Commuter’s tempers flared and patience was running low at the start of day two of the SEPTA transit strike. Just after 7 a.m., whatever patience travelers had left for the SEPTA organization went up in smoke with the first car of the R5 Paoli-Thorndale line. Leaves have been blamed for the fire that suspended all service on the R5 Paoli line until after 10 a.m. on Wednesday.
The Septa strike, which began at 3 a.m. on Tuesday, Nov. 3, left commuters throughout the city and the surrounding counties stranded and scrambling for ways to get to and from where they need to go. The car fire on the R5, which services Cabrini students at the Radnor station, only created more problems and delays for the overly crowded regional rail, the only public transit running during the strike.
SEPTA’s regional rail connects the suburbs with service to Center City, Philadelphia. There are stops at 30th Street Station, Suburban Station and Market East Station. The scene inside Suburban station on Wednesday evening was chaotic with frustrated commuters packing the cattle-pen like structures that led to the platforms. Delays were as long as 90 minutes for the Chestnut Hill East train going to Trenton.
“There isn’t anything we can do about the situation so I’ve just been making the best of it. One thing I have noticed is that the delay has people slowing down, not by choice, but you are getting a chance to talk to your fellow commuters,” Jack Crawford, a graduate student at Villanova who works in Center City, said.

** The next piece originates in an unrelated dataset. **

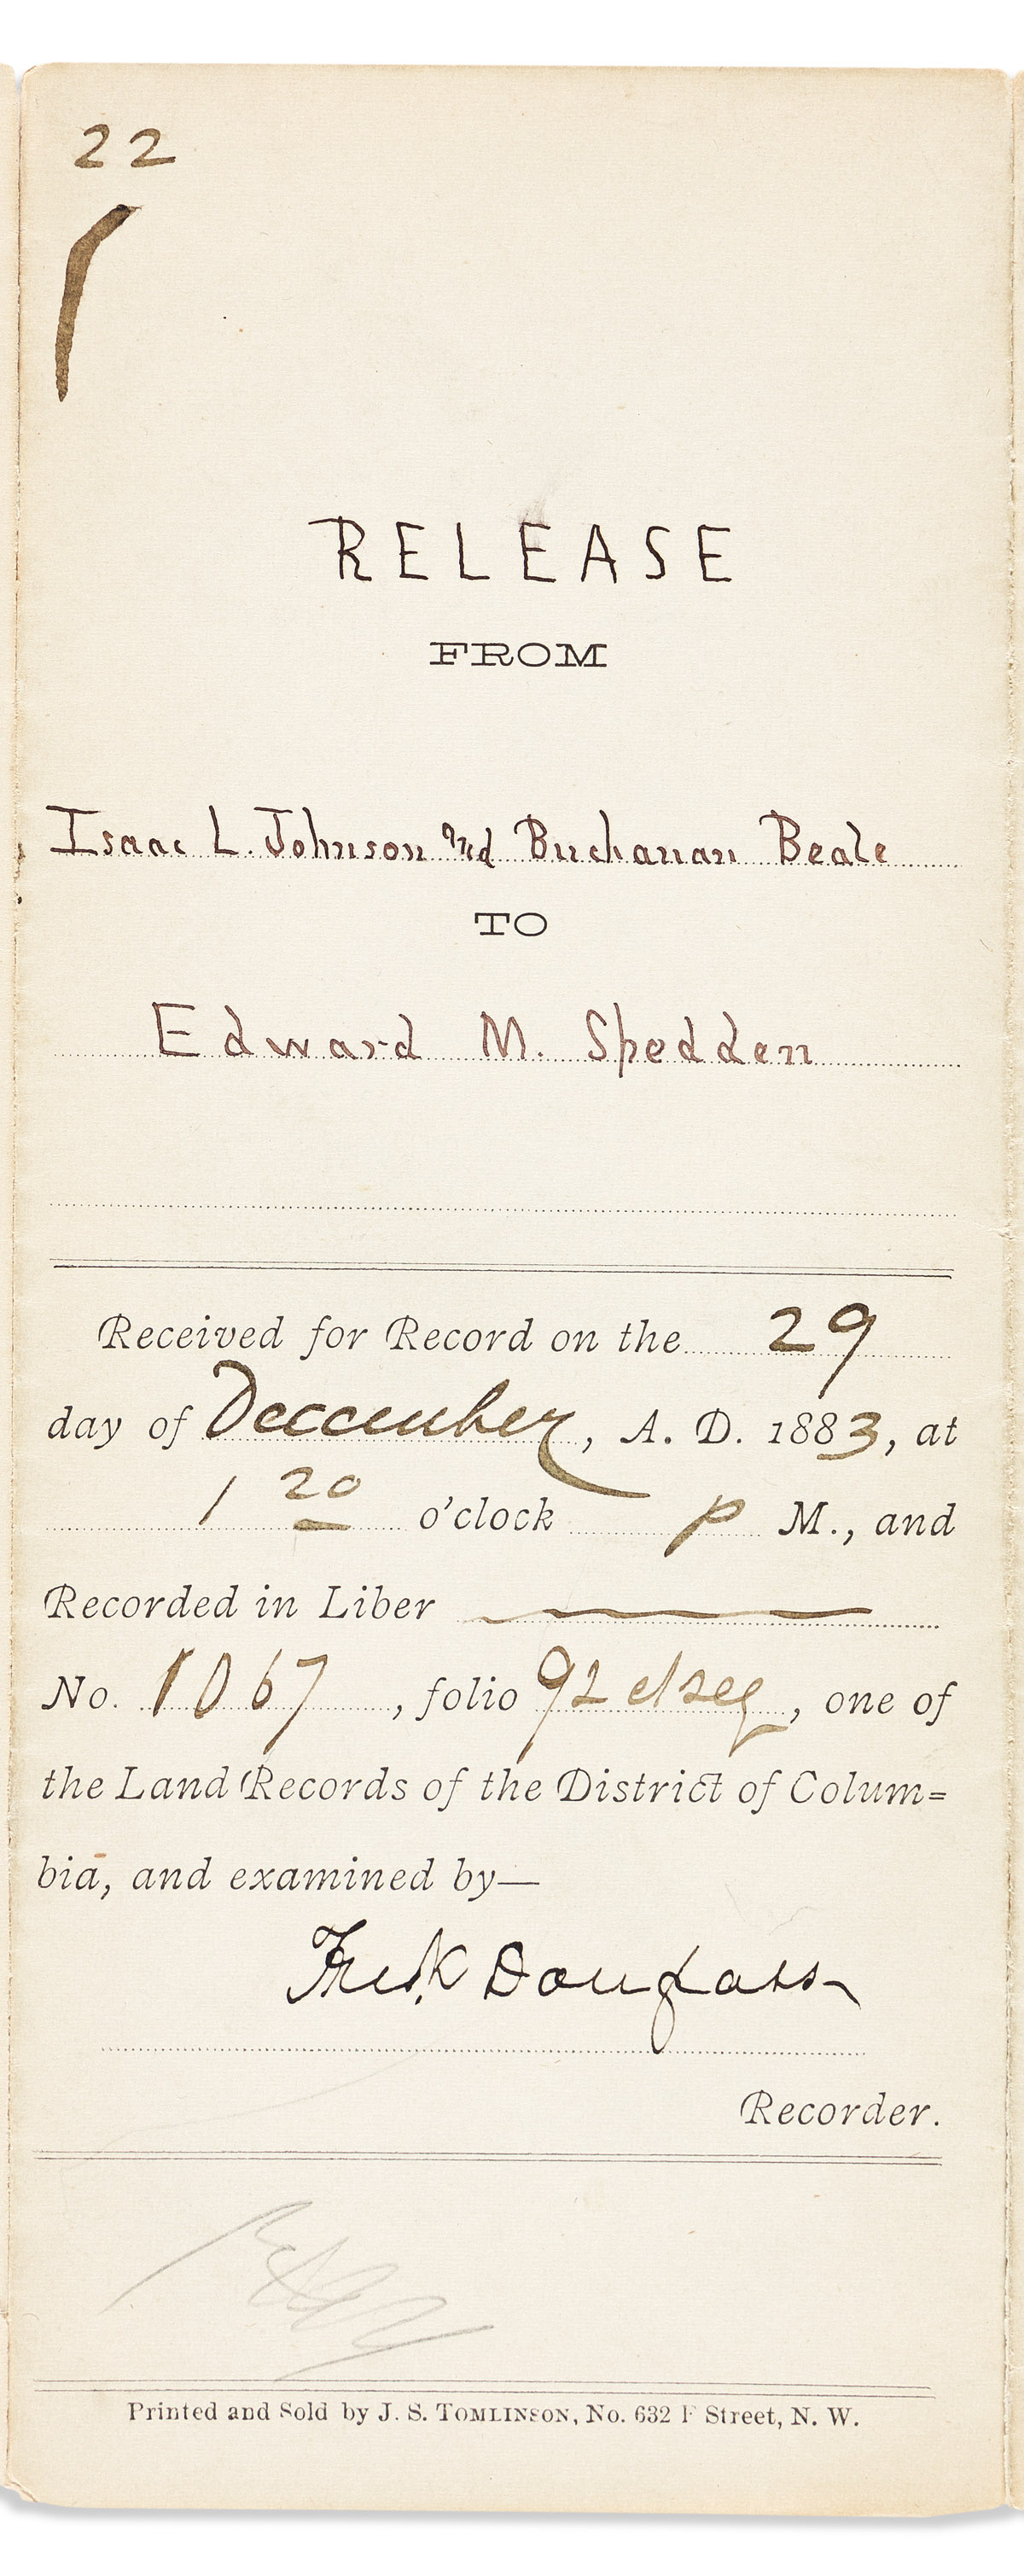 (CIVIL RIGHTS.) DOUGLASS, FREDERICK. Partly-printed endorsement Signed, Fredk Douglass, as Recorder of Deeds, certifying a deed

His observations were correct. Conversations on the R5 platform could be overheard with some commuters commiserating on the length of what is normally a speedy and efficient commute. Some were discussing the Phillies’ loss, the stock market and business in their respective fields.

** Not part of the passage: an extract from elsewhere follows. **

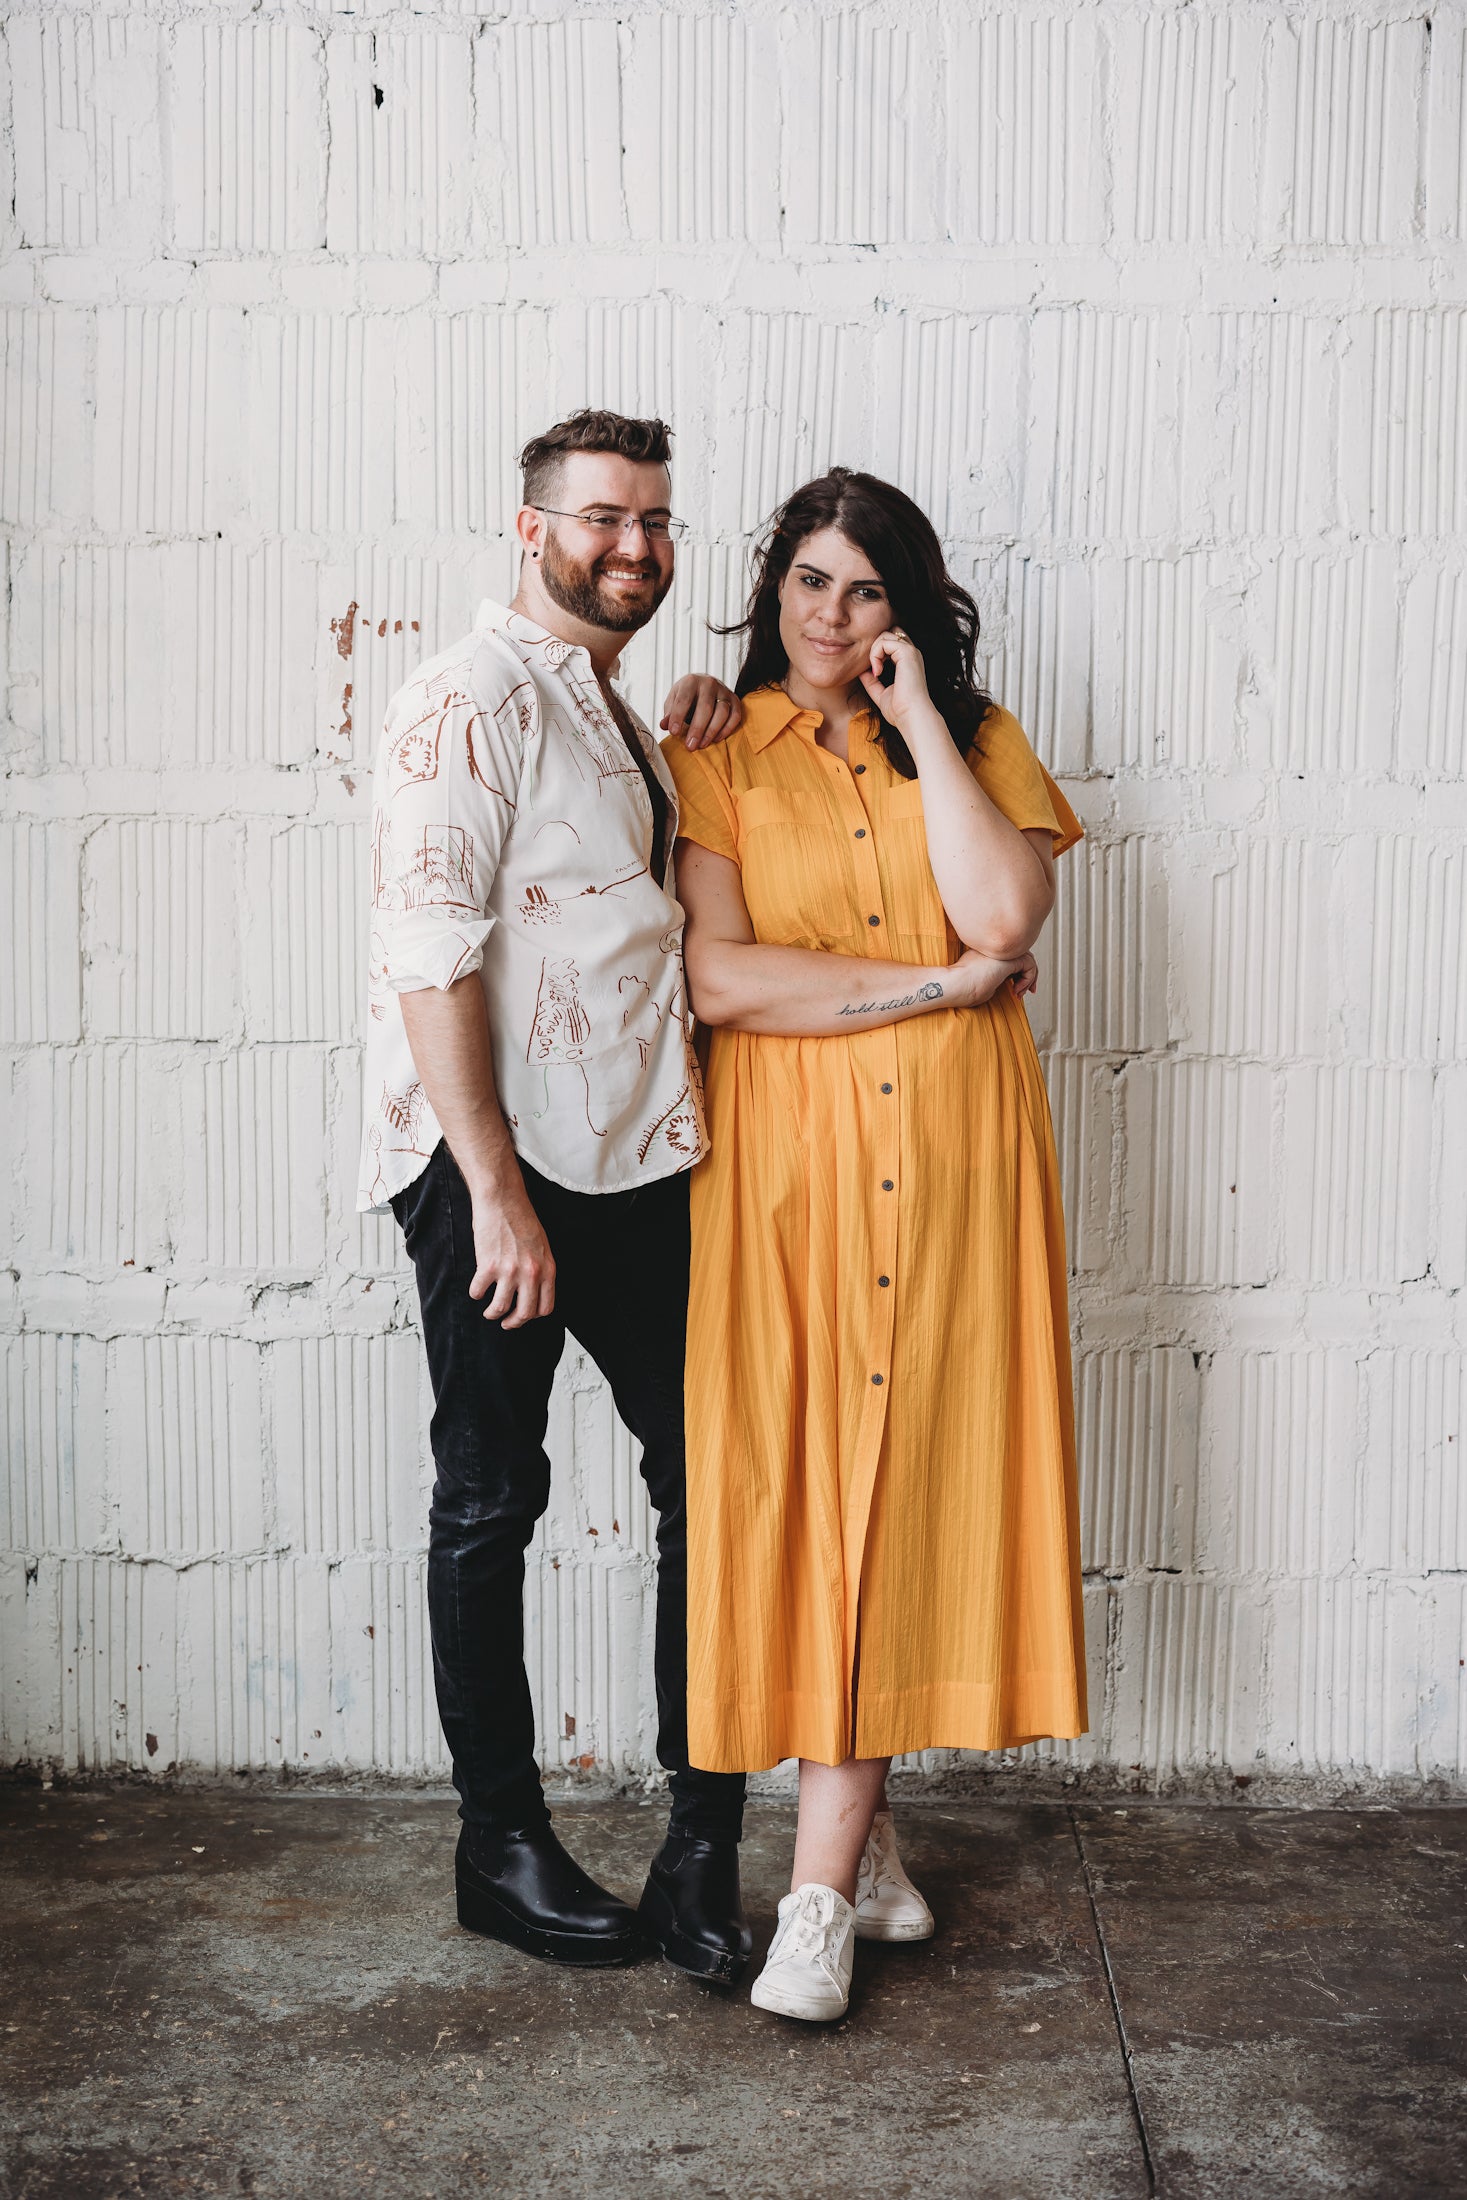 robbie stands on the left facing inwards. he is wearing glasses and has on a white button down with line drawings on it paired with black jeans. His hand rests on Mary's shoulder. Mary is wearing a long, tangerine button-up shirtdress with white sneakers

One thing the strike did was bring people together. “During a normal trip home I would move as quickly as possible to get on the train, put my headphones in and have a quiet ride home, this week is different for some reason. I guess it’s nice to know that everyone is in the same boat as me,” Crawford said.
By Friday the morning trains were running with minimal delays, grumbling passengers had settled into a routine of being inconvenienced by the strike and SEPTA workers were better prepared to handle the influx of additional traffic. “I have been through three strikes since I came to work here in 1998. They all start the same, very disorganized and chaotic because we aren’t entirely sure what to anticipate. Passengers who aren’t familiar with regional rail have a rough time learning routes that are new to them. Usually, in my opinion by the second or third day things are routine. You know what to expect,” Jeanne Robinson, a SEPTA employee for 10 years who works in the Wynnewood ticket office, said.

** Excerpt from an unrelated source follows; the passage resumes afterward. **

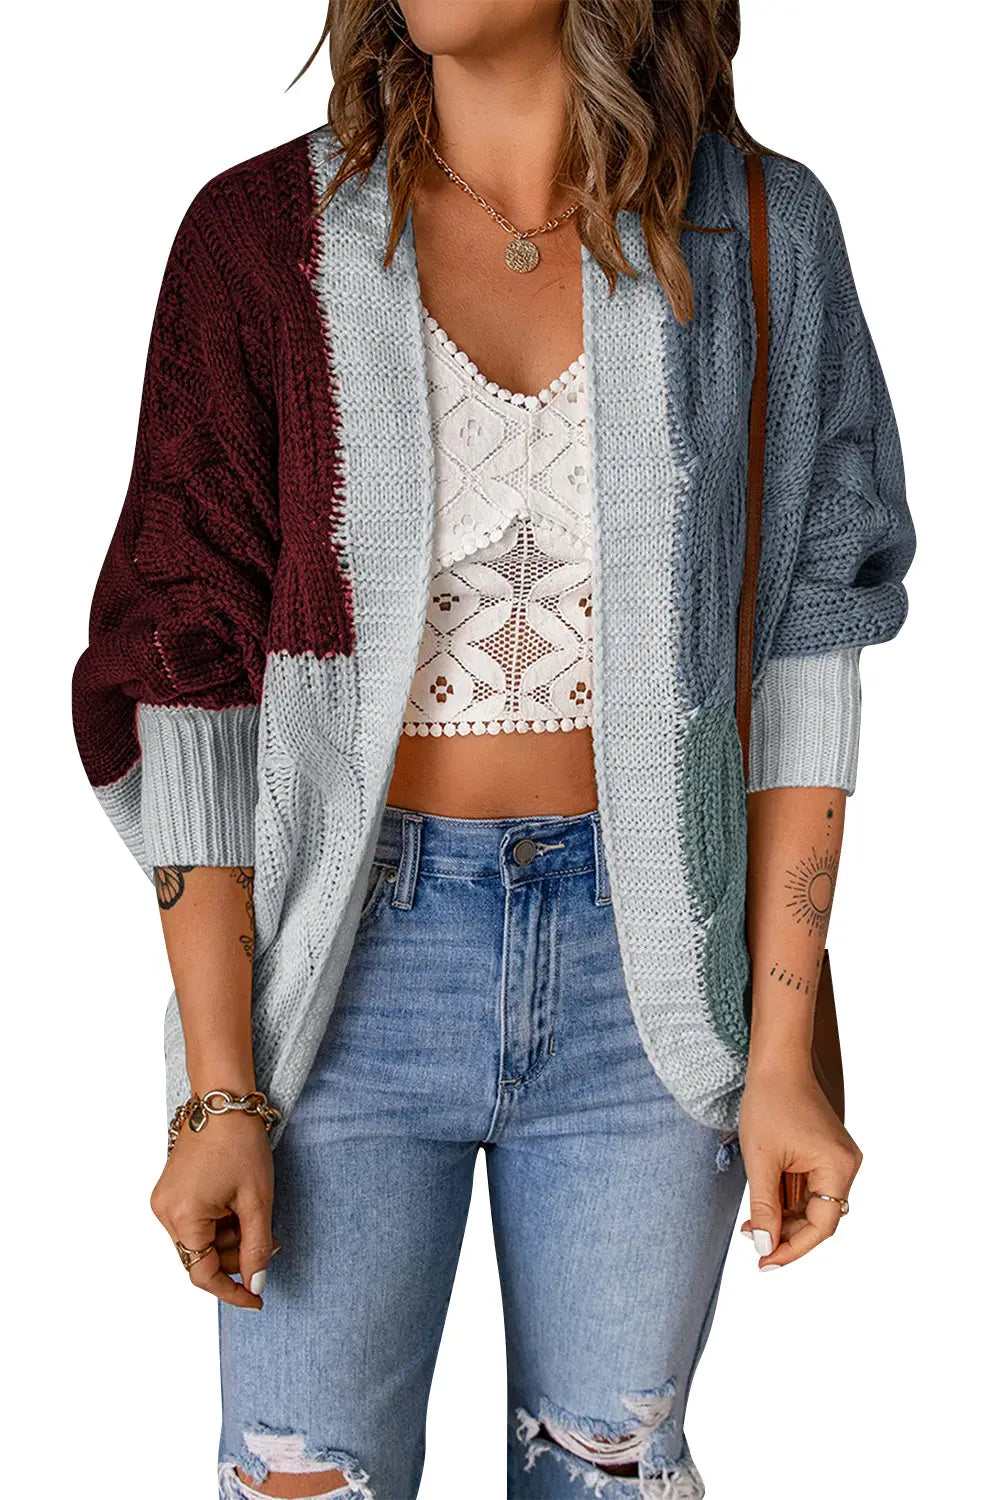 Brown color block loose open front knitted cardigan - 2xl / 100% acrylic - sweaters & cardigans

The evening rush hour on Friday was a scene of controlled chaos with SEPTA employees shouting over massive crowds flocking to the lines for their platform. Commuters seemed to know the drill by the end of the week and joined long lines armed with more patience then at the start of the week.
SEPTA has been on strike three times since 1998, a track record that is alarming when big cities like New York and Washington D.C. are touting the efficiency of their public transportation systems. It has also affected an estimated 54,000 public and parochial school students who take SEPTA to school. “Our expectations are for students and employees to do their best to come to school,” school district spokesman Fernando Gallard said. “We’re just hoping for the best here.”
The strike ended on Monday, Nov. 9 following union negotiations.